§ **DATA FOR ANALYSIS**
= = = =

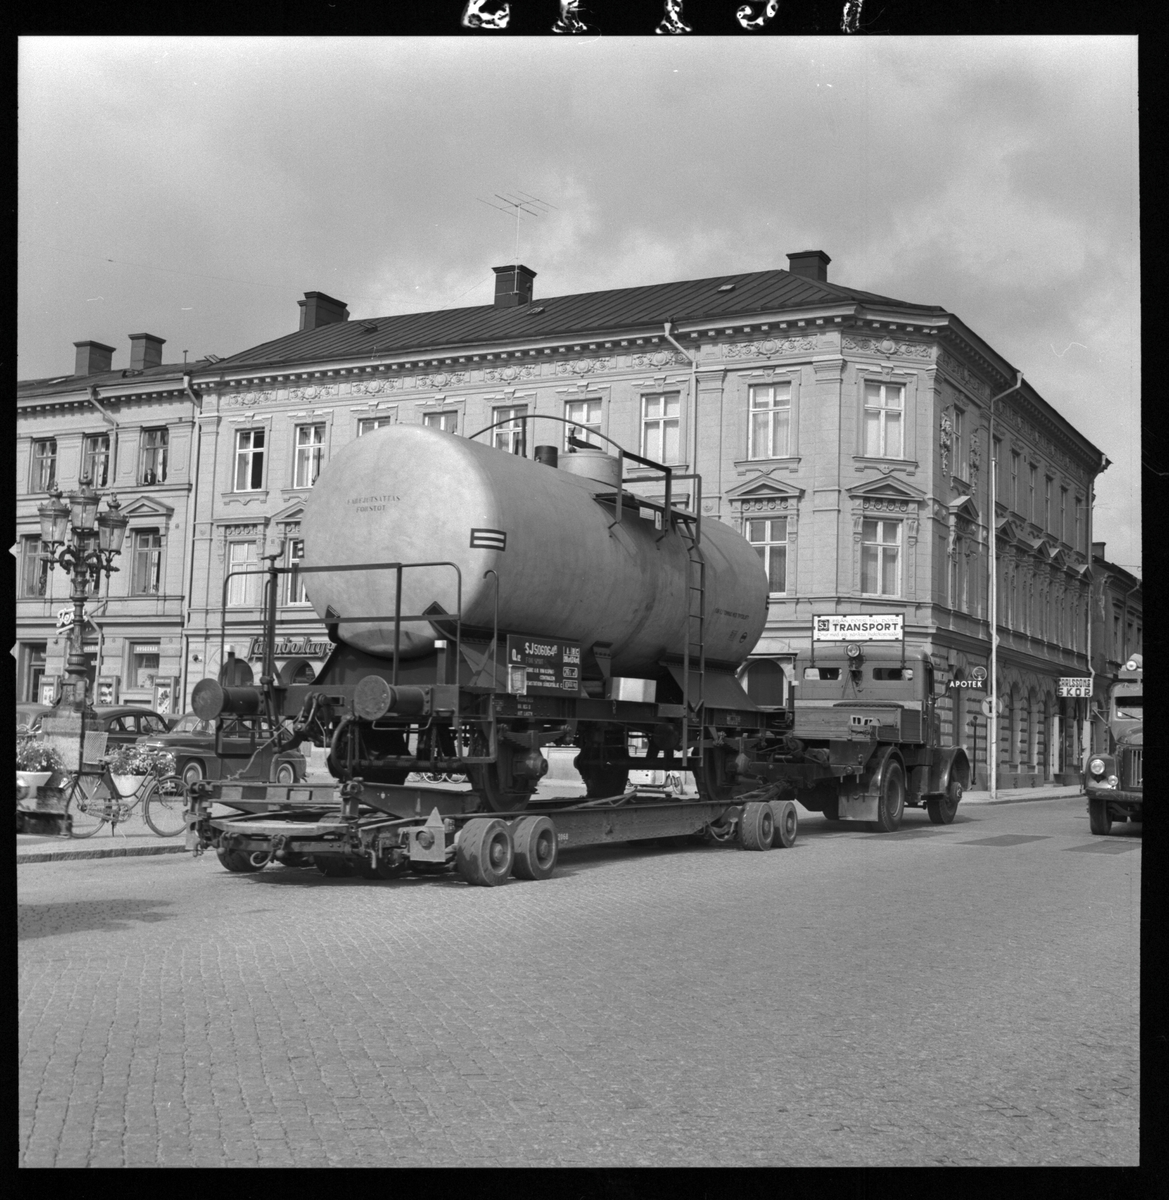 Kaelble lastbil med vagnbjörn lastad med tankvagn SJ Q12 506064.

= = = =

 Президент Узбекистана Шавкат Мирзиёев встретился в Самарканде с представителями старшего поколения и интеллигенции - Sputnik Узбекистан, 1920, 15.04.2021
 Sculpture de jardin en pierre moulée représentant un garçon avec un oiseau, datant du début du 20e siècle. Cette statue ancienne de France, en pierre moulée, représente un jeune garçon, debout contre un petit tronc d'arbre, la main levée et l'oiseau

= = = =

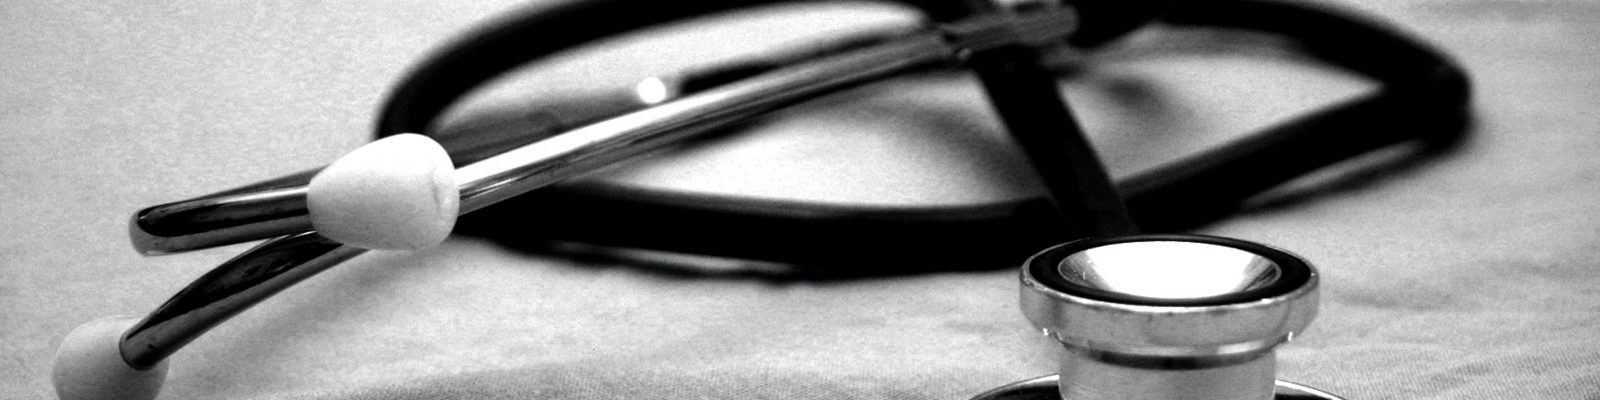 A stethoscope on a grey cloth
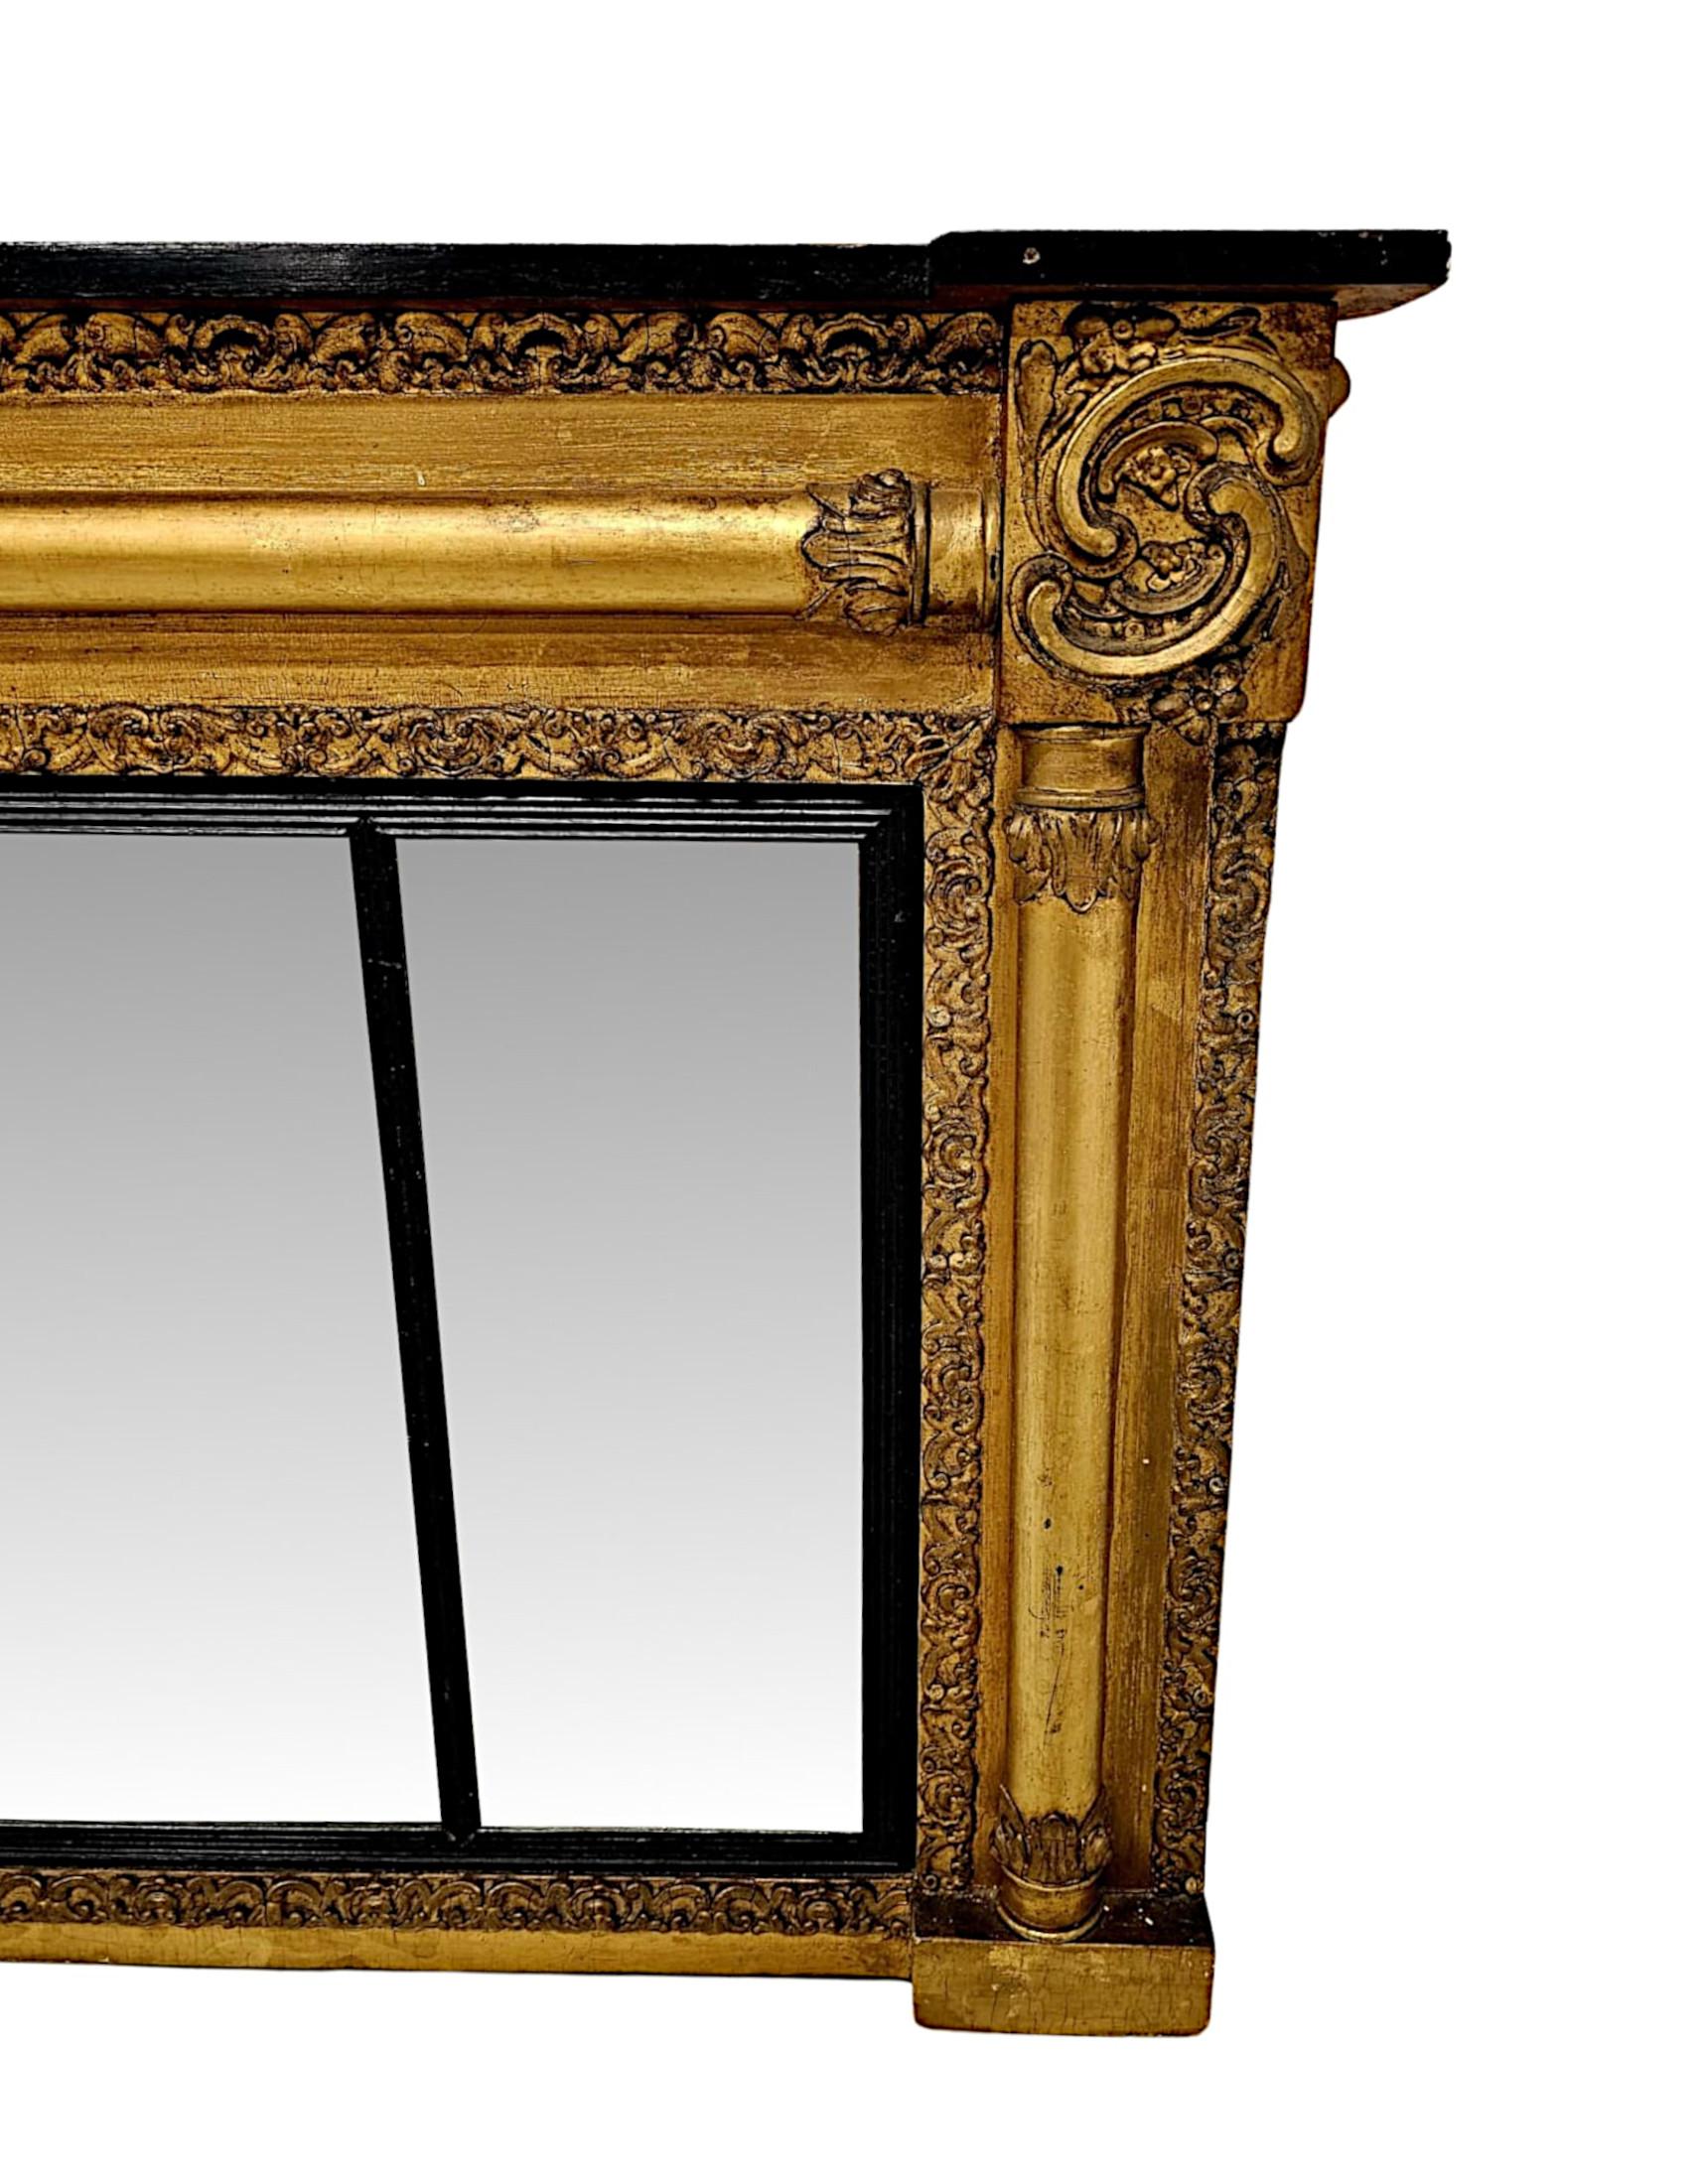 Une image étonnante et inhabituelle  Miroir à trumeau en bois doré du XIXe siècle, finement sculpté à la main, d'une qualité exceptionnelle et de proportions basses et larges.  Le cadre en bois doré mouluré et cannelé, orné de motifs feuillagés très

= = = =

§ **WHAT NEEDS TO BE DONE**
What's needed is an exact copy of the lines above from the one with "A stethoscope on a grey cloth" through the one with "Une image étonnante", both included; the pictures stay out.

§ **YOUR SOLUTION**
 A stethoscope on a grey cloth
 Une image étonnante et inhabituelle  Miroir à trumeau en bois doré du XIXe siècle, finement sculpté à la main, d'une qualité exceptionnelle et de proportions basses et larges.  Le cadre en bois doré mouluré et cannelé, orné de motifs feuillagés très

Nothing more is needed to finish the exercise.